Distraction during mealtime was studied using different possibilities: (1) watching the TV; (2) listen to the radio; (3) get up from the table; (4) conversation during mealtime. These variables were joined and expressed as (1) attention to mass media (TV+radio); (2) others.

Physical activity was evaluated according to the guidelines for data processing and analysis of the international physical activity questionnaire(18) in the short form and its specific modification for adolescents (IPAQ-A)(Reference Hagströmer, Bergman and De Bourdeaudhuij19). The specific types of activity assessed were walking, moderate-intensity activities (i.e. physical activity at school) and vigorous-intensity activities (i.e. sport practice) and an additional question about sitting time was using as an indicator variable of time spent in sedentary activity. The questionnaire also included information on hours per day of TV viewing, computer use, video games, another leisure time physical activity practice and typical sleep duration to the nearest 10 min. The physical activity assessed by the international physical activity questionnaire was correlated with physical activity level (PAL) according to the estimation of the individualised activity coefficient. Each subject was classified taking into account its PAL value(20) as: sedentary (PAL ≥ 1·0 < 1·4); low active (PAL ≥ 1·4 < 1·6); active (PAL ≥ 1·6 < 1·9); very active (PAL ≥ 1·9). Each subject was then classified into no active (sedentary or low active) and active (active or very active).

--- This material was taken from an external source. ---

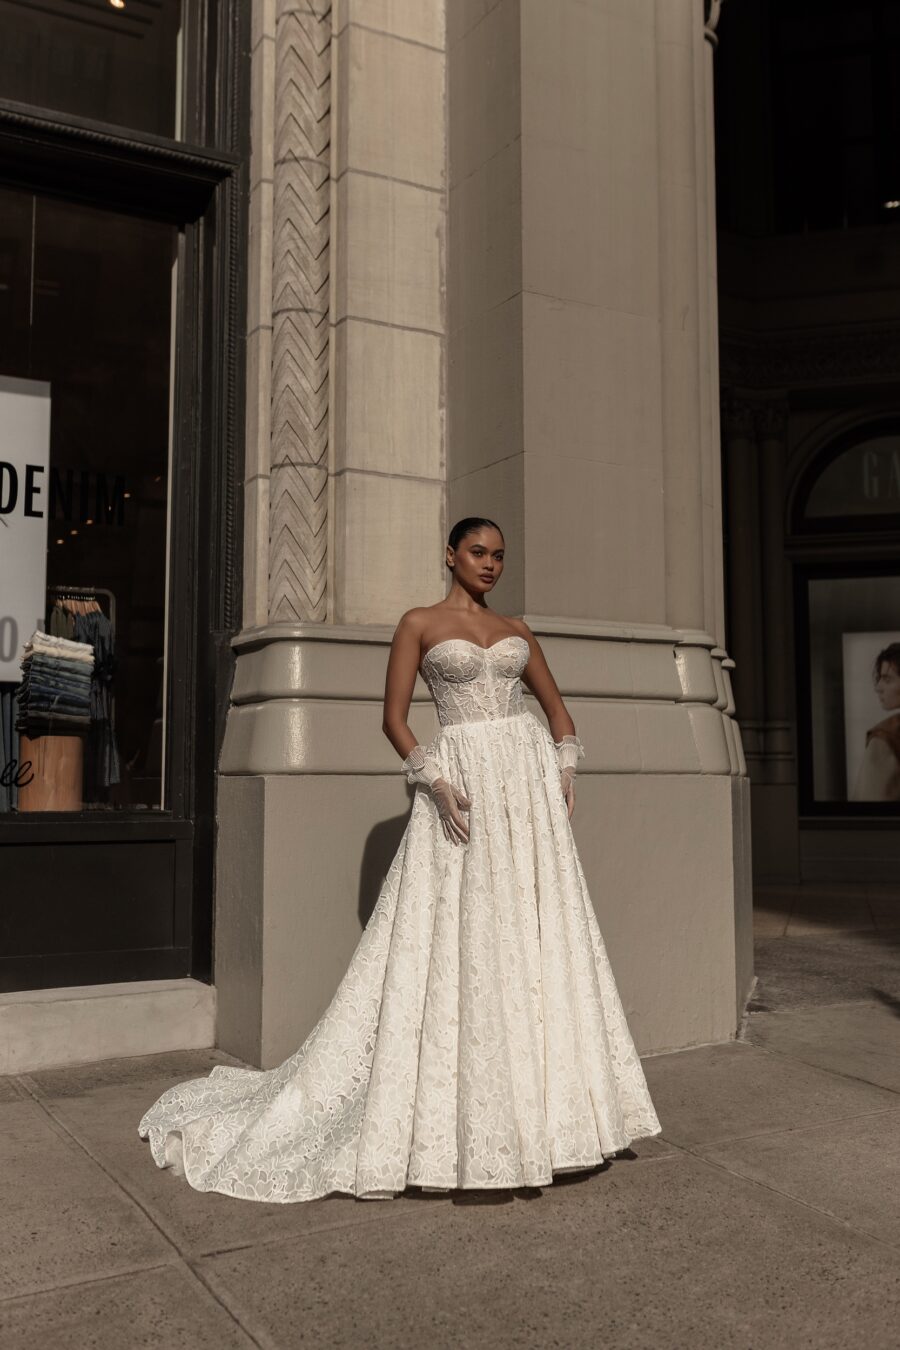 Kay 1 wedding dress by woná concept from urban elegance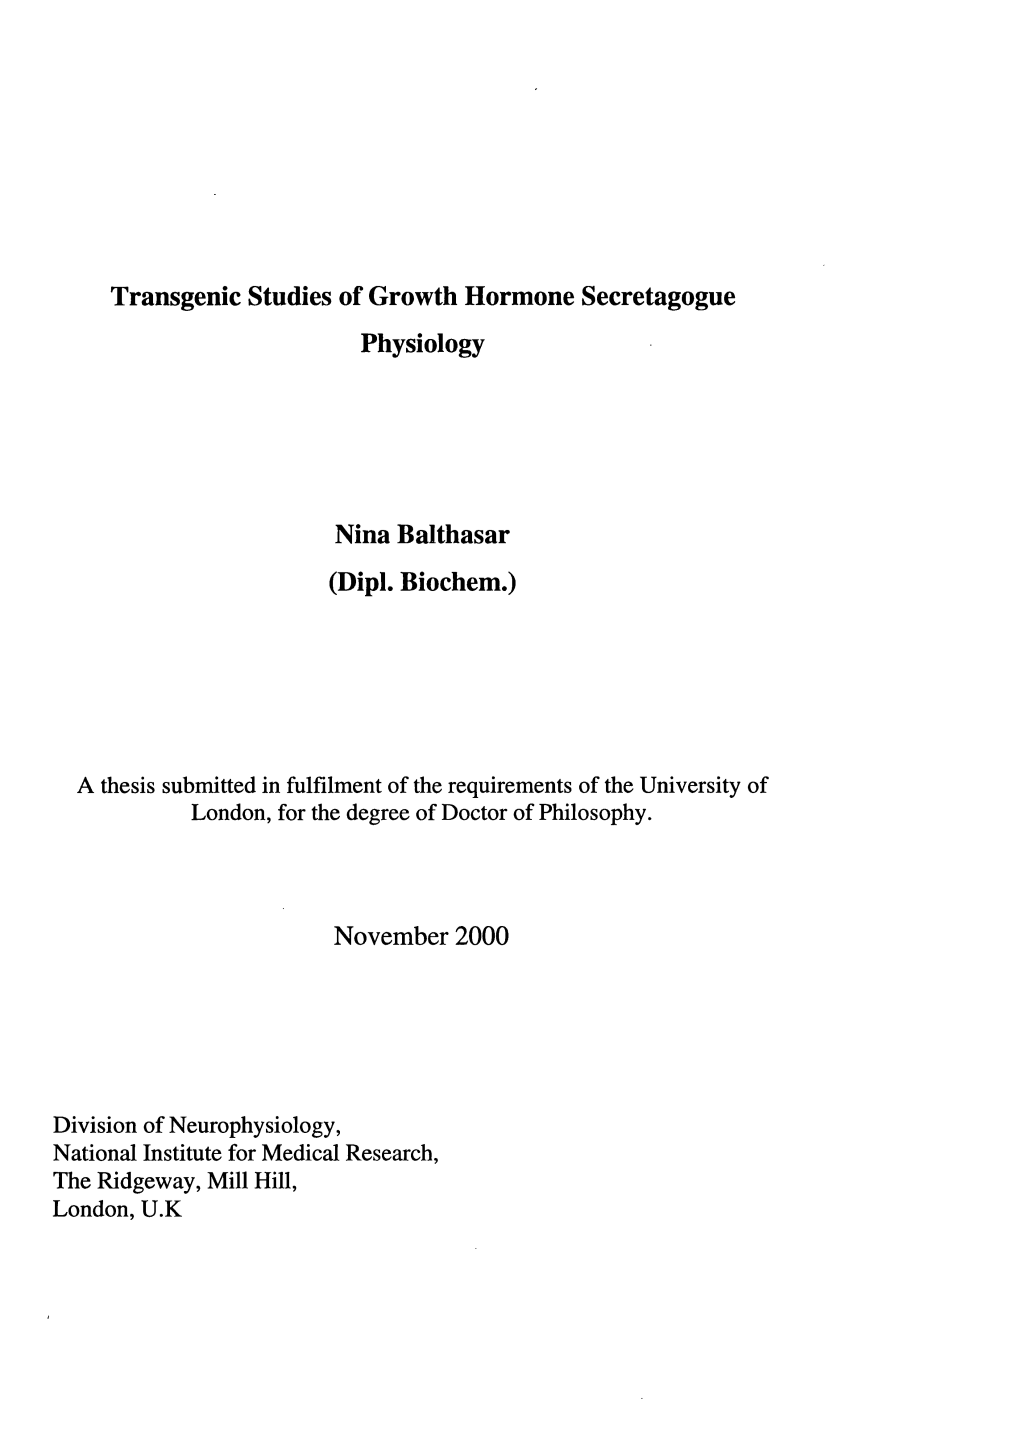 Transgenic Studies of Growth Hormone Secretagogue Physiology

Differences in EI between BMI < P97 and BMI ≥ P97 subjects were also studied. Total EI (MJ), energy (kJ) per kg of weight, energy (kJ) per kg of lean body mass and percentage of energy from macronutrients were taken into consideration for this analysis.

Statistics

Analyses were performed with SPSS version 16.0 (SPSS, Inc., Chicago, IL, USA). All tests were stratified by sex. Significant differences in prevalence were calculated by means of χ2. Difference between groups' means was tested using ANOVA. Logistic regression models with the calculations of corresponding adjusted OR and 95 % CI were used to examine possible differences between those with BMI below or above P97. Univariate analysis was first carried out for all the sociodemographic and lifestyle variables that could be associated with the frequency of obesity. Any factor that was significantly associated was considered as a candidate for the multivariate model. Multiple logistic regression analyses were used to simultaneously examine the effect of different sociodemographic and lifestyle variables on the prevalence of obesity. The study of possible differences in food patterns between those obese and non-obese was adjusted by confounding factors. All correlations were investigated with Spearman's rank correlation coefficient (r). Level of significance for acceptance was P < 0·05.

Ethics

The present study was conducted according to the guidelines laid down in the Declaration of Helsinki, and all procedures involving human subjects/patients were approved by the Balearic Islands Ethics Committee. Written informed consent was obtained from all subjects and their parents or legal tutors.

Results

The overall prevalence of overweight and obesity estimated for the adolescent population of the Balearic Islands was 17·5 and 10·4 %, respectively (Table 1). Boys had a higher prevalence of overweight and obesity than girls. Excessive weight considered overall (BMI ≥ P85) was 32·6 % in boys and 24·0 % in girls. Prevalence of obesity (BMI ≥ P97) was higher in boys (12·7 %) than girls (8·5 %), and this difference was evident at 12–13 years old. Boys also showed higher waist circumference values and waist:hip ratio than girls, and girls showed higher hip circumference than boys after they were 14 years old. More girls than boys were above the cut-off values established for the waist circumference indicators of cardiovascular risk. Girls showed higher body fat mass than boys.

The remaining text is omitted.